Some homes don’t have eaves, like homes with flat roofs. While this might make sense aesthetically, a home without eaves can be more vulnerable to the elements.
Eaves help divert water and other precipitation off the shingles, away from your home, into gutters, or onto the ground, all of which can help protect the siding and foundation. Having eaves on your home can also help keep a basement dry.
For particularly hot or sunny climates, properly positioned eaves can create shade on the side of the building, naturally helping to control your home’s interior temperature, especially during the summer months. In addition to protecting a home and its occupants from the elements, many people find the eaves of their home ideal for installing floodlights and security cameras.
Typically, architects and home builders will use any of these four basic types of eaves:
- Abbreviated eaves: An abbreviated eave is cut at a 90-degree angle, so there is little to no roof overhang.
- Boxed eaves: In addition to a soffit, boxed eaves are enclosed with one or multiple layers of ornamental molding.
- Closed eaves: A closed eave has a soffit that encloses the underside of the eaves.
- Open eaves: An open eave or exposed eave has no soffit, leaving an open underside and exposed roof rafters.
Not all houses have eaves. While this may expose parts of your roof or home, they aren’t necessarily critical. Below, we’ve explored some of the benefits and downsides of eaves.
In addition to water and shade control for your home, eaves offer the following benefits:
- Wind control: The type of eaves you have can help control the force exerted on your roof and home in extreme wind conditions. Depending on where you live, your home may be better suited to a particular eave style for wind control and airflow.

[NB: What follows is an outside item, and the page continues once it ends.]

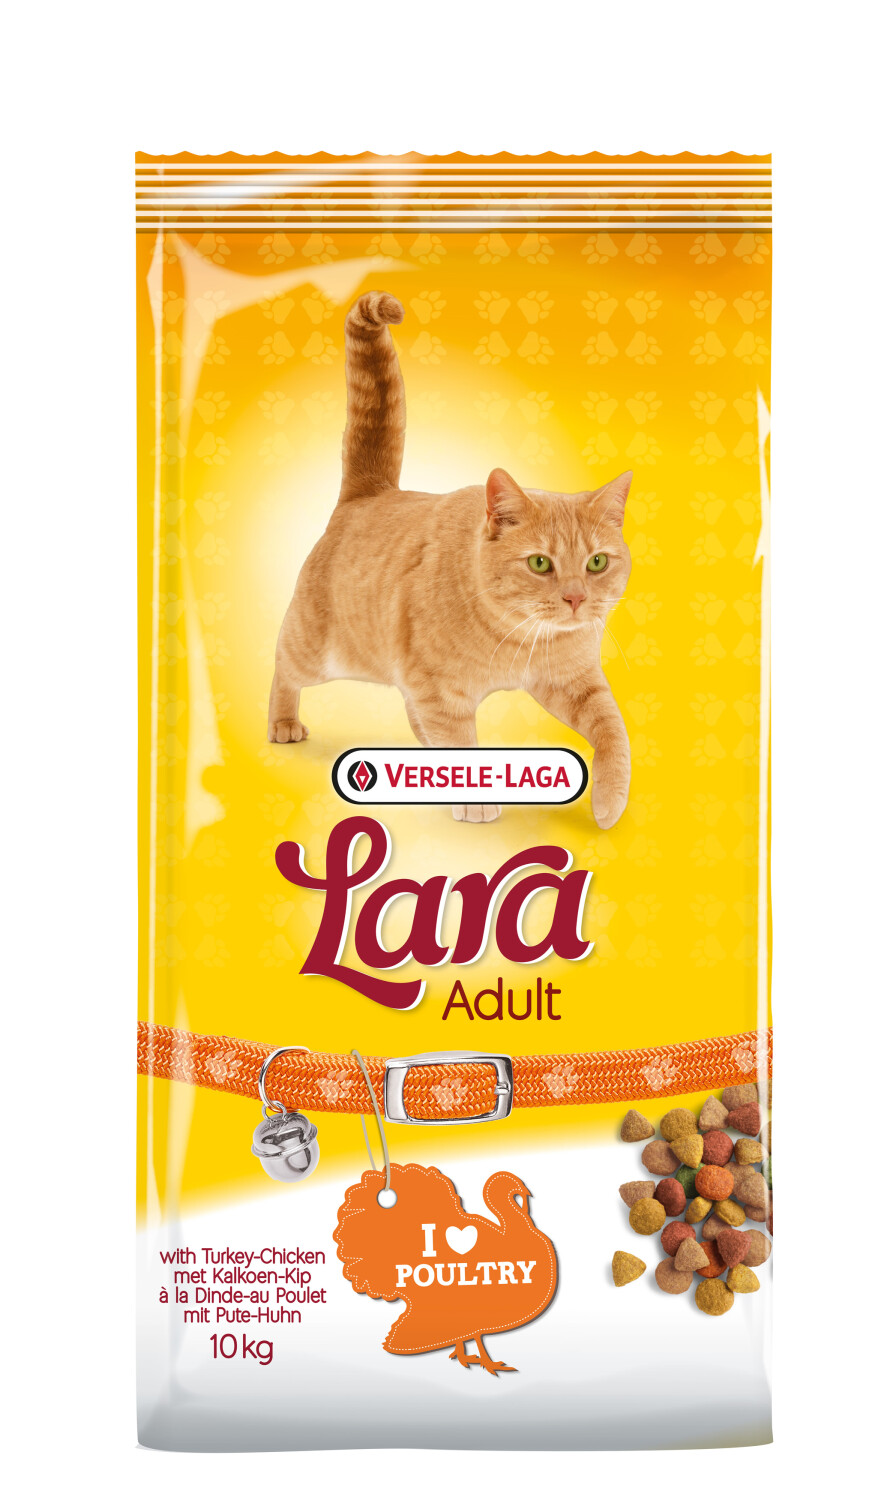 Afbeelding Versele-Laga Lara Gevogelte kattenvoer 10 kg door Tuinadvies.be

- Covered entryways: If you live in an area with heavy snow or rainfall, the eaves of your home can offer protection from the elements as you enter and exit your home.

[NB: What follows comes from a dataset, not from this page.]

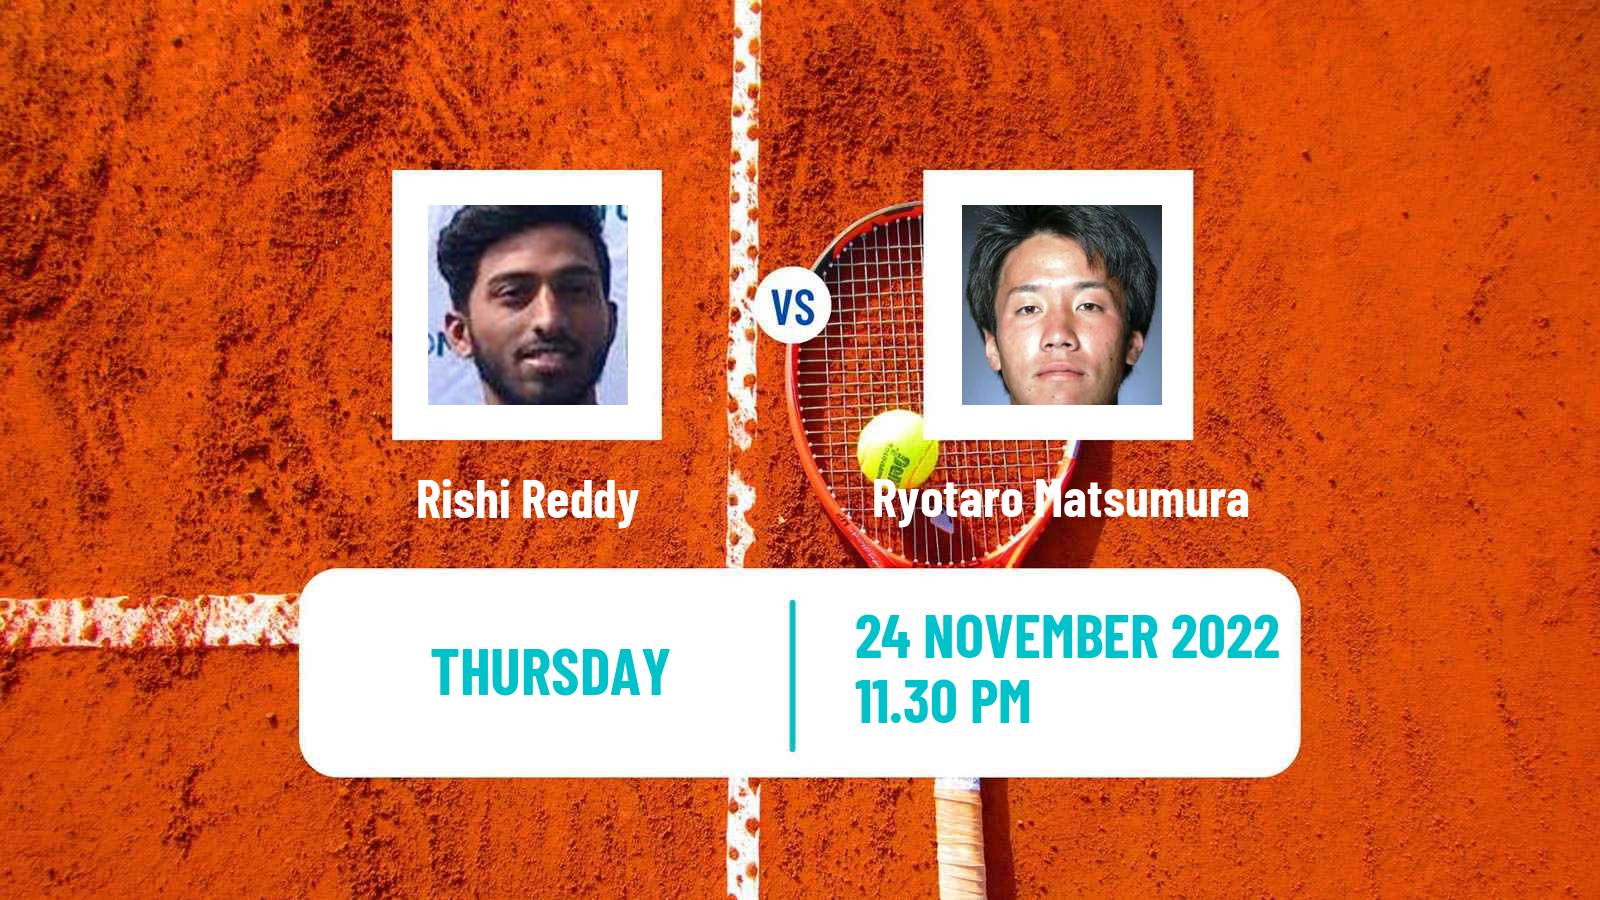 Tennis ITF Tournaments Rishi Reddy - Ryotaro Matsumura

- Protection of your siding: The eaves of your home help keep water and other precipitation from damaging the exterior siding.
- Protection from UV damage: The shade from your home’s eaves doesn’t just help control your home’s temperature — it can protect your furnishings from potential UV damage.
While there are plenty of upsides to having eaves on your home, there are some drawbacks:
- Wind uplifting: Some styles of eaves are not well-suited to areas prone to high winds and extreme weather. In these instances, your home may be outfitted with an abbreviated eave or no eaves to prevent wind uplifting.
- Pests: Open eaves often provide a good location for insects or animals to nest. If you have open eaves, your home may be prone to birds, squirrels, and wasp infestations. Even homes with boxed eaves are susceptible to infestations from carpenter bees.
Maintaining your eaves should be a part of your regular home maintenance routine. While a roof warranty will protect certain parts of your roof, many warranties won’t cover you if you’ve neglected to perform regular maintenance.
We recommend doing the following in order to keep your roof eaves in tip-top shape.
- Clean gutters: The most effective way to care for your eaves is to clean your gutters — this type of maintenance prevents excess weight or standing water from damaging your roof, particularly the fascia.
- Inspect your eaves regularly: At least twice a year, visually inspect your eaves for cracks, holes, or discoloration. These are signs of deterioration that you’ll need to address.
- Address problems as they arise: If you notice any black streaking on the fascia or soffits, it indicates water damage, and you should clean it promptly. Use a mild bleach or dish liquid solution. If you notice cracks, you can caulk and repaint them. Holes may be an indication of a pest infestation that requires professional remediation.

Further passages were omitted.